Consider a steady state periodic single threaded workflow, with a work/sleep frequency of 347 Hertz and a load somewhere in the ~75% range at the steady state operating point.
For the intel-cpufreq CPU frequency scaling driver and powersave governor and hwp disabled, it goes indefinitely without any issues.
For the acpi-cpufreq CPU frequency scaling driver and ondemand governor, it goes indefinitely without any issues.
For the intel-cpufreq CPU frequency scaling driver and powersave governor and hwp enabled, it suffers from overruns.

Why?

For unknown reasons, HWP seems to incorrectly decide that the processor is idle and spins the PLL down to a very low frequency. Upon exit from the sleep portion of the periodic workflow it takes a very long time (on the order of 20 milliseconds (supporting data for that statement will added in a later posting)), resulting in the periodic job no being able to complete its work before the next interval, whereas it normally has plenty of time to do its work. Actually, typical worst case overruns are around 12 milliseconds, or several work/sleep periods (i.e. it takes a very long time to catch up.)

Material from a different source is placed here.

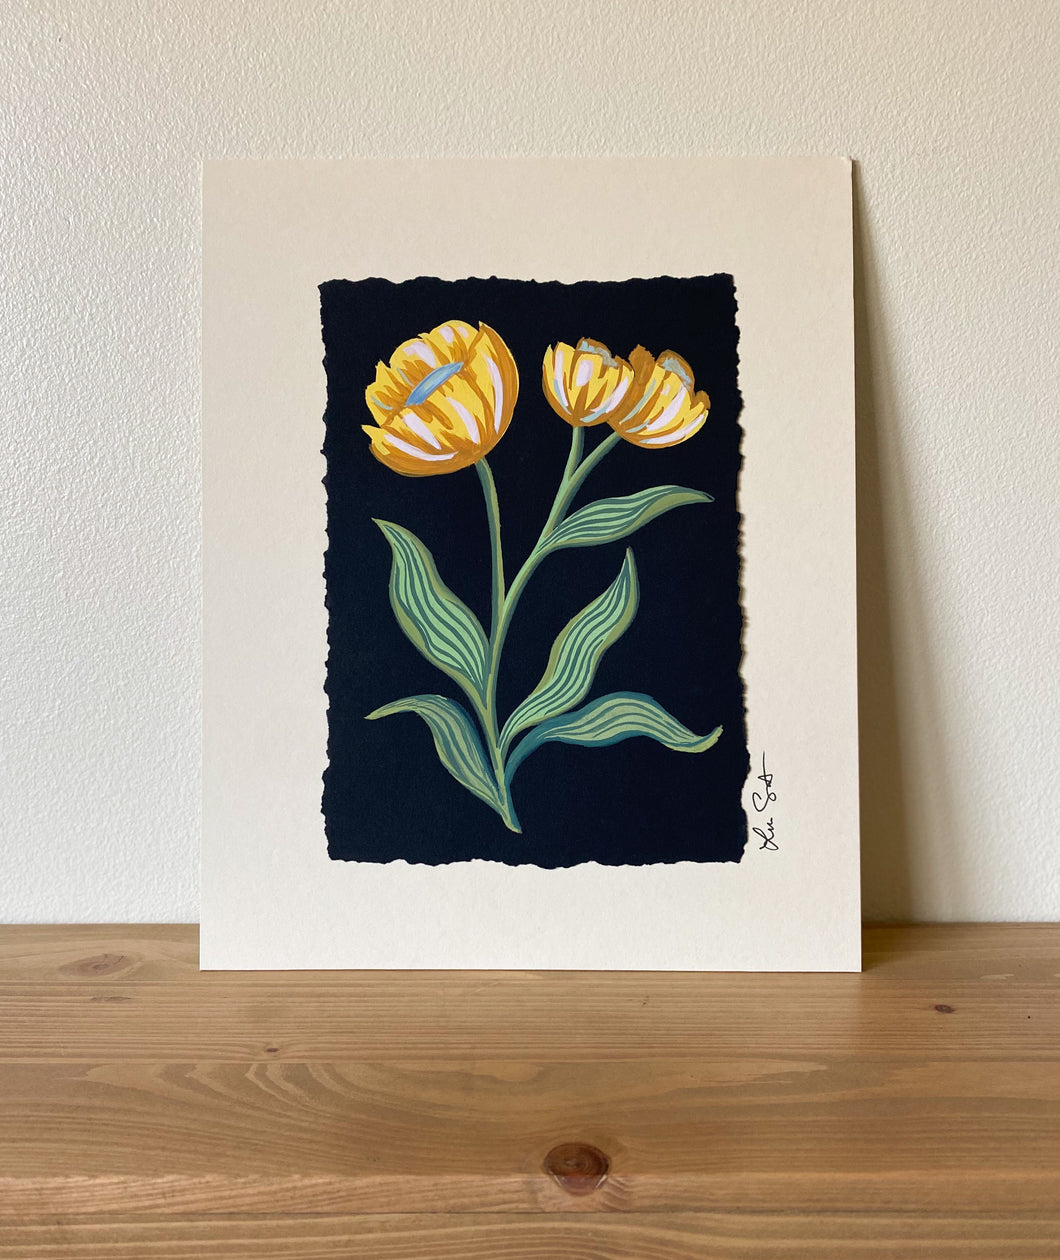 Hand-painted Golden Flowers in Gouache with Hand Torn Edge

The probability of this occurring is about 3%, but varies significantly. Obviously, the recovery time is also a function of EPP, but mostly this work has been done with the default EPP of 128. I believe this to be a sampling and anti-aliasing issue, but can not prove it because HWP is black box. My best GUESS is:

If the periodic load is busy on a jiffy boundary, such that the tick is on.
Then if it is sleeping at the next jiffy boundary, with a pending wake such that idle state 2 was used.
Then if the rest of the system was idle such that HWP decides to spin down the PLL.
Then it is highly probable that upon that idle state 2 exit, the PLL is too slow to ramp up and the task will overrun as a result.
Else everything will be fine.

For a 1000 Hz kernel the above suggests that a work/sleep frequency of 500 Hz should behave in a binary way, either lots of overruns or none. It does.
For a 1000 Hz kernel the above suggests that a work/sleep frequency of 333.333 Hz should behave in a binary way, either lots of overruns or none. It does.
Note: in all cases the sleep time has to be within the window of opportunity.

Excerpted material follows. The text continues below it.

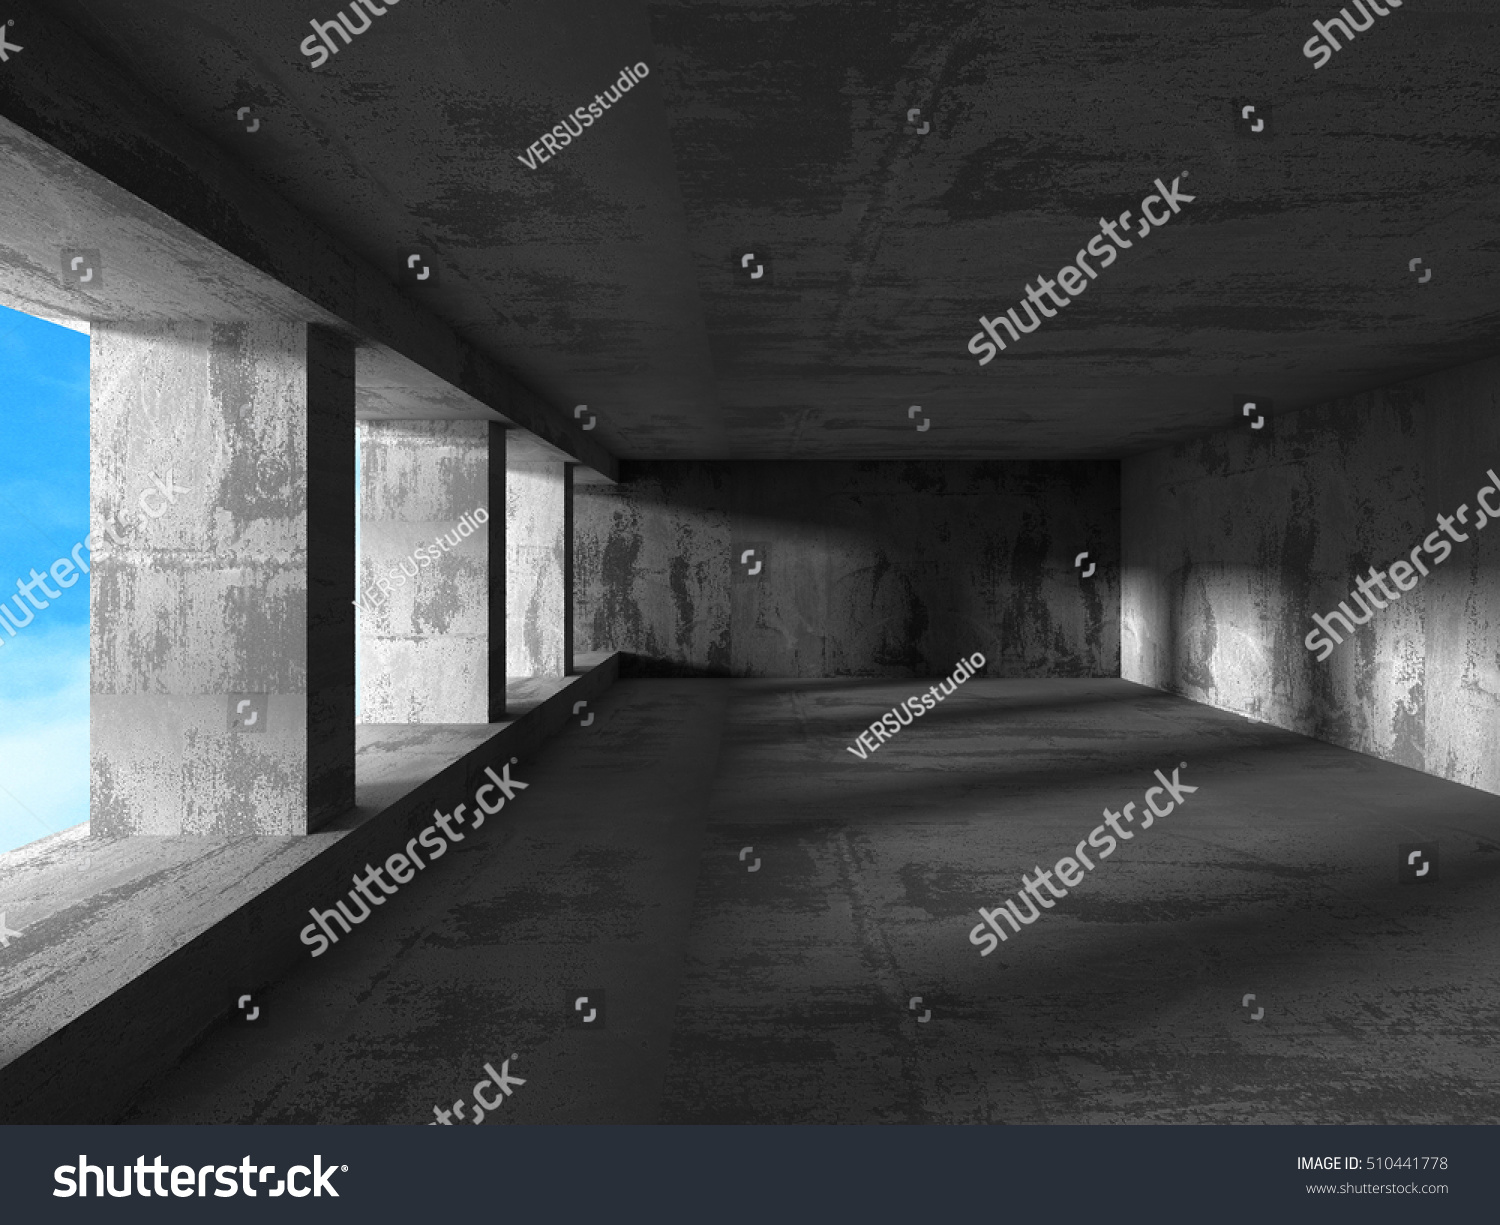 Geometric architecture background. Concrete walls room with cloudy sky. 3d render illustration #510441778

Now, actually I can not prove if the idle state 2 part is a cause or consequence, but it never happens with it disabled, but at the cost of significant power.

Another way this issue would manifest itself is as seeming to be an extraordinary idle exit latency, but would be rather difficult to isolate as the cause.

processors tested:
Intel(R) Core(TM) i5-9600K CPU @ 3.70GHz (mine)
Intel(R) Core(TM) i5-6200U CPU @ 2.30GHz (not mine)

HWP has been around for years, why am I just reporting this now?

I never owned an HWP capable processor before. My older i7-2600K based test computer was getting a little old, so I built a new test computer. I noticed this issue the same day I first enabled HWP. That was months ago (notice the dates on the graphs that will eventually be added to this), and I tried, repeatedly, to get help from Intel via...

see also:

https://marc.info/?l=linux-pm&m=159354421400342&w=2

and on that old thread, I just added a link to this.

Revision history for this message

In Linux Kernel Bug Tracker #210741, dsmythies (dsmythies-linux-kernel-bugs) wrote on 2020-12-19:

#12

> A 250 hertz kernel was tested, and it did not have this
> issue in this area. Perhaps elsewhere, I didn't look.

Correction: same thing for 250 Hertz kernel.

Some summary data for the periodic workflow manifestation of the issue. 347 hertz work/sleep frequency, fixed packet of work to do per cycle, 5 minutes, kernel 5.10, both 1000 Hz and 250 Hz, teo and menu idle governors, idle state 2 enabled and disabled.

1000 Hz, teo, idle state 2 enabled:
overruns 28399
maximum catch up 13334 uSec
Ave. work percent: 76.767
Power: ~14.5 watts

1000 Hz, menu, idle state 2 enabled:
overruns 835
maximum catch up 10934 uSec
Ave. work percent: 68.106
Power: ~16.3 watts

1000 Hz, teo, idle state 2 disabled:
overruns 0
maximum catch up 0 uSec
Ave. work percent: 67.453
Power: ~16.8 watts (+2.3 watts)

1000 Hz, menu, idle state 2 disabled:
overruns 0
maximum catch up 0 uSec
Ave. work percent: 67.849
Power: ~16.4 watts (and yes the 0.1 diff is relevant)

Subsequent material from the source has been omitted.